Alpha found in different areas of the yield curve as well as outside the base currency can be “ported” on the chosen benchmark, potentially enhancing the return of the portfolio. The concept of portable alpha can be explained by a simple observation on yield curve segmentation: whereas the short end of most yield curves is anchored by money market funds looking for investments up to two years, the long end of the yield curve is anchored by institutional investors looking for long-term assets to match liabilities. As a result, the middle part of the curve largely “unanchored”, as there are no natural buyers of this part of the curve, allowing an active fixed income manager to potentially arbitrage segmentation and exploit the steeper roll-down of the curve in the 3-5 year area. This alpha can than be “ported” to the chosen benchmark, regardless of whether the benchmark is long duration or based on LIBOR.
Inflation and the Impact on LDI
The effect on the solvency rate if inflation were to be unconditionally compensated would be gigantic: using break-even inflation rates derived from inflation-linked bonds to form a real yield curve, the average pension fund would take an additional 25-40% hit in the solvency rate.
Even though in most cases pension funds have switched to conditional inflation compensation and therefore a nominal framework for hedging liabilities is sufficient, we cannot ignore inflation altogether for two reasons. First, liabilities will rise in line with real wage inflation, thus raising the overall liabilities to be covered. Second, most pension funds will at least strive to partially compensate pensioners for inflation and thus will strive for a higher surplus that will allow them to pay out this compensation.
In our view, an inflation compensation “ambition” of the pension fund is a rather vague concept and hard to model. In that respect it might be good to look at the UK model, where many pension plans have an explicit upper limit for inflation compensation (most commonly 5%).
In the absence of such specific rules, inflation-linked bonds can fulfil a role in both the hedging portfolio, as well as play a role in adding beta risk:
· Inflation-linked bonds provide a direct link with consumer inflation, which has a high correlation with wage inflation. Euro- or even global inflation-linked bonds provide the necessary liquidity and desired correlation with domestic inflation to allocate substantial amounts to this asset class.

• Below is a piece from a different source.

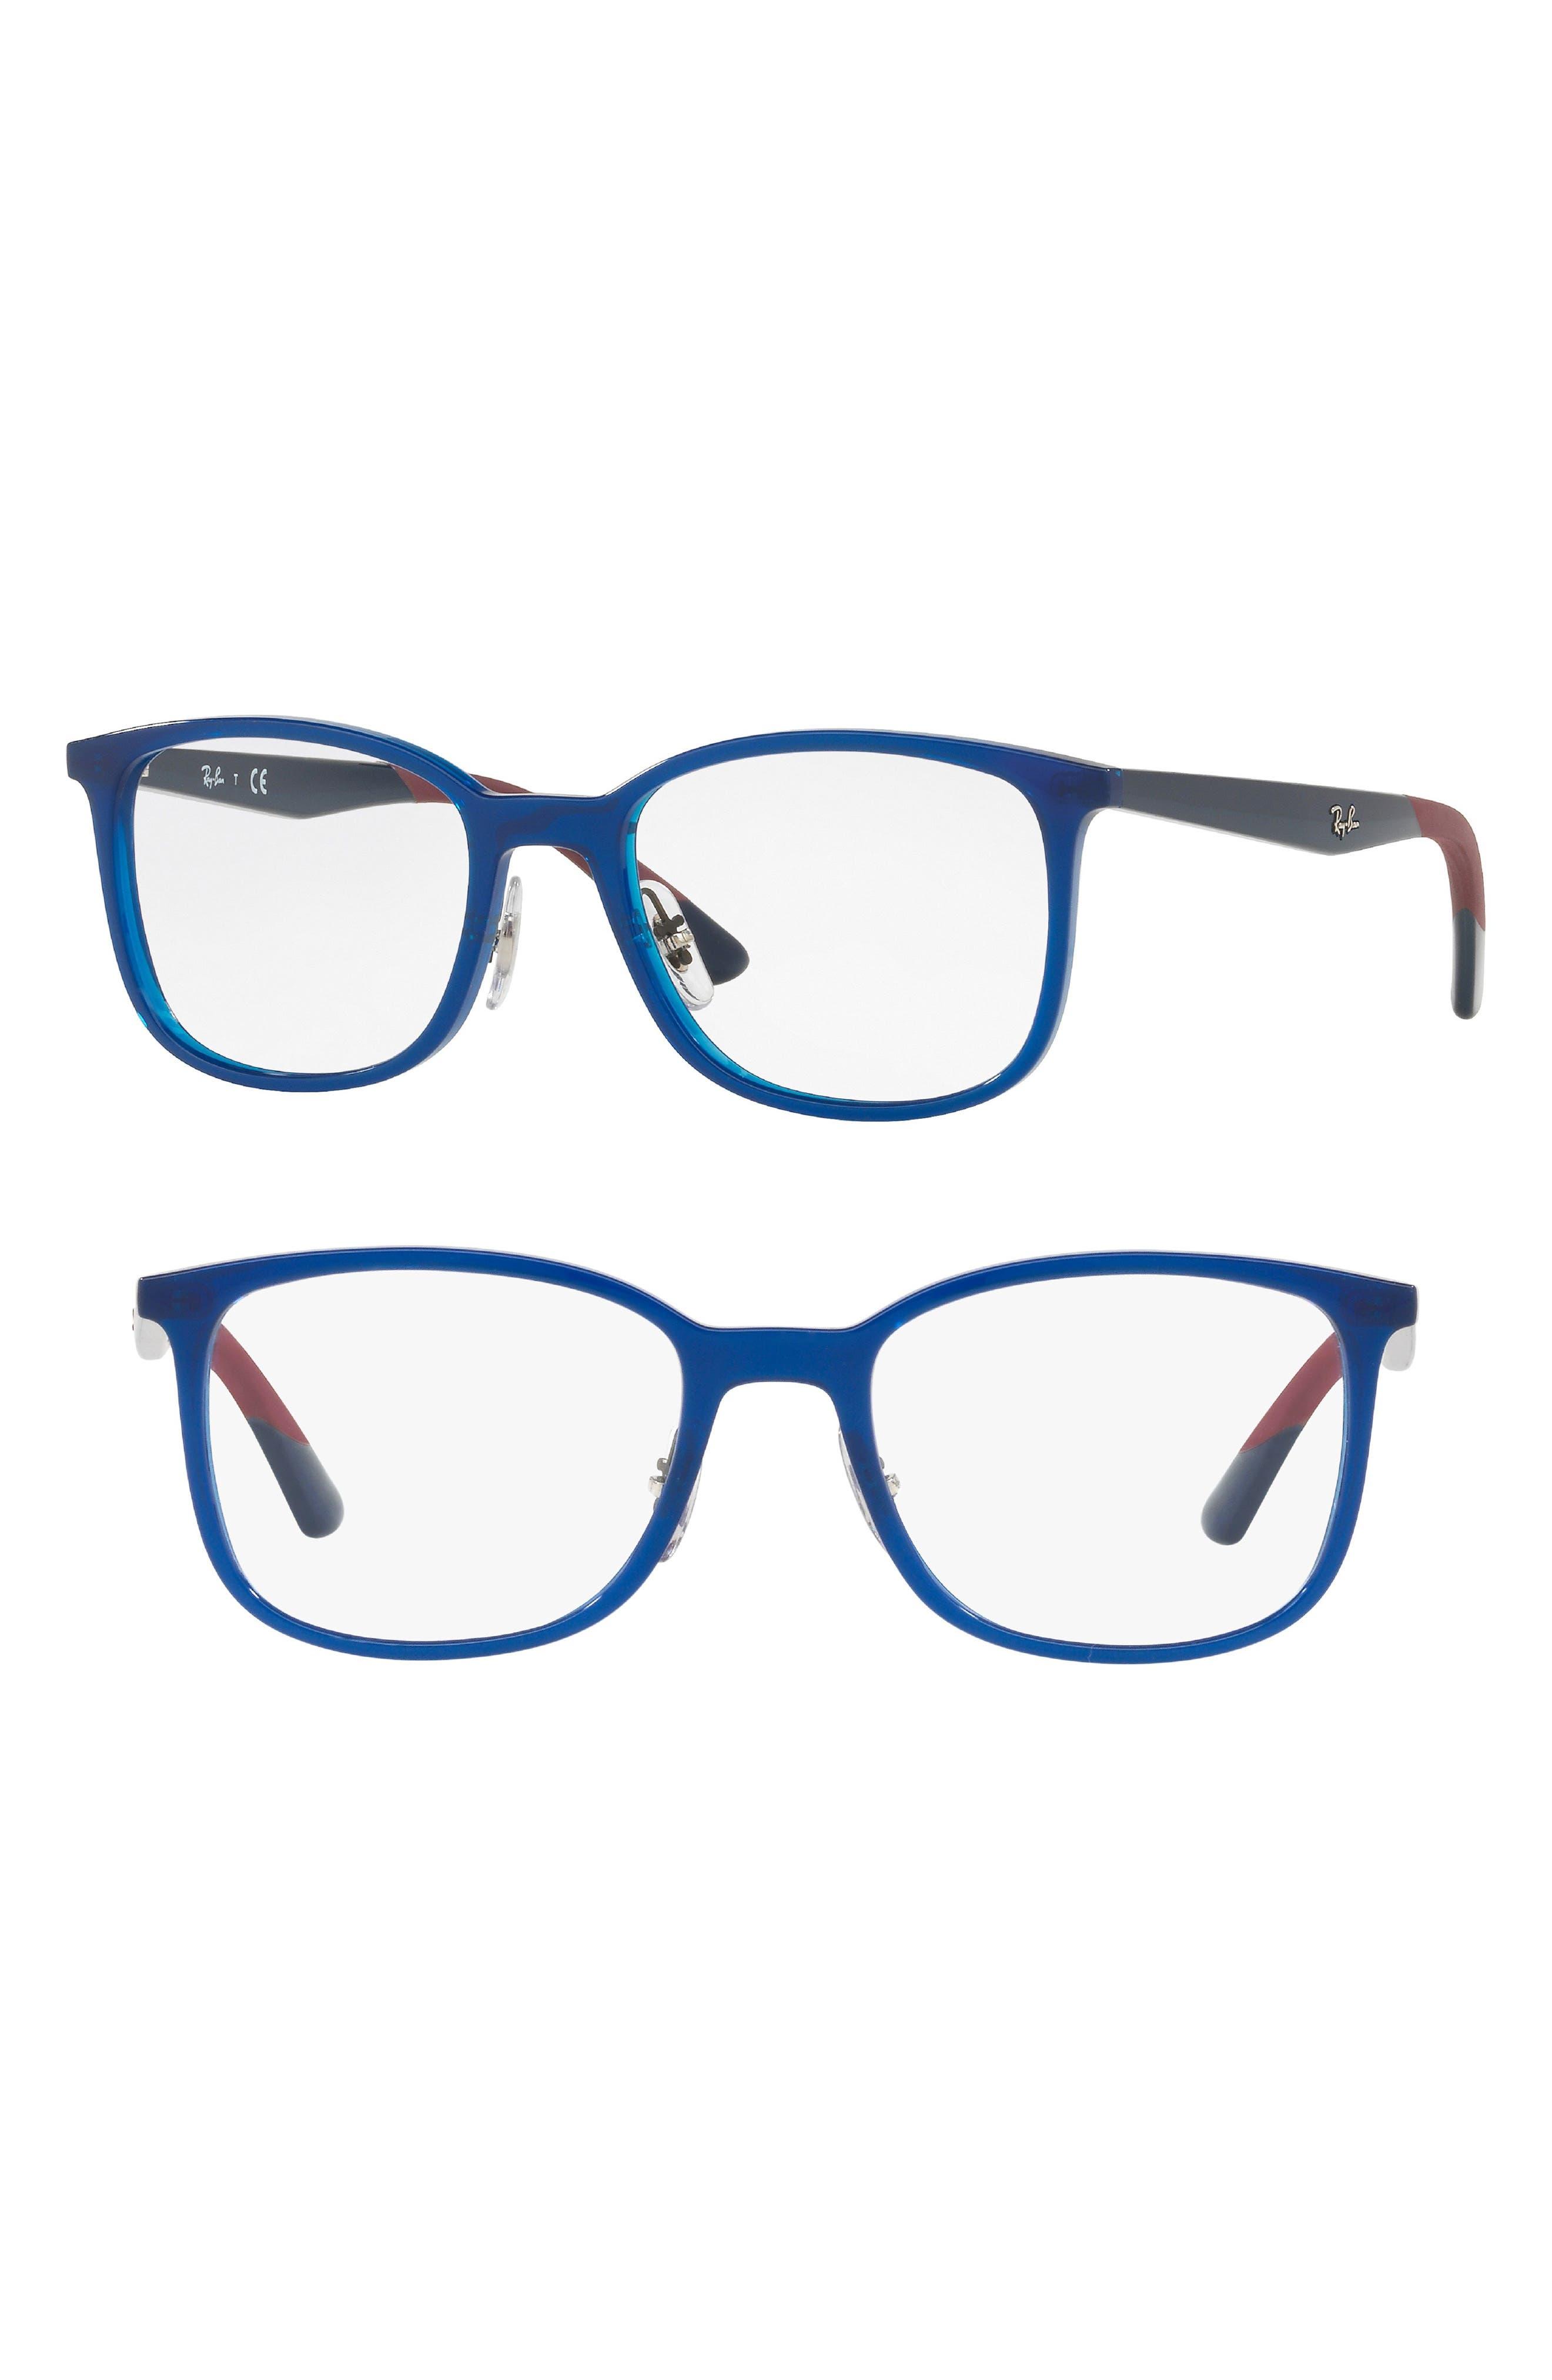 Ray-Ban 7142 50mm Optical Glasses

· Due to diversification effects in the portfolio, inflation-linked bonds can “free up” risk budget to be allocated elsewhere (e.g. alternative asset classes).
Conclusions
Upcoming regulatory changes will have a significant effect on the way European pension funds and insurance companies manage their assets and liabilities. Instead of return-driven investment strategies, pension funds and insurance companies alike will need to develop a liability-driven investment approach based on managing the volatility of the surplus assets relative to liabilities.
When creating an LDI solution for our clients, PIMCO starts by hedging interest rate risk by modelling the interest rate risk of the liability stream and then creating a custom benchmark with the same risk profile. We actively manage the client’s portfolio of assets against the custom LDI benchmark, adding diversified alpha and beta exposure in an effort to enhance returns while maintaining the match between the portfolio’s risk profile and that of the benchmark.
* The authors wish to thank the Financial Engineering team and Jim Moore at PIMCO, as well as Steve Goldman, Paul Allen and Mike Amey at PIMCO Europe Ltd for their contributions.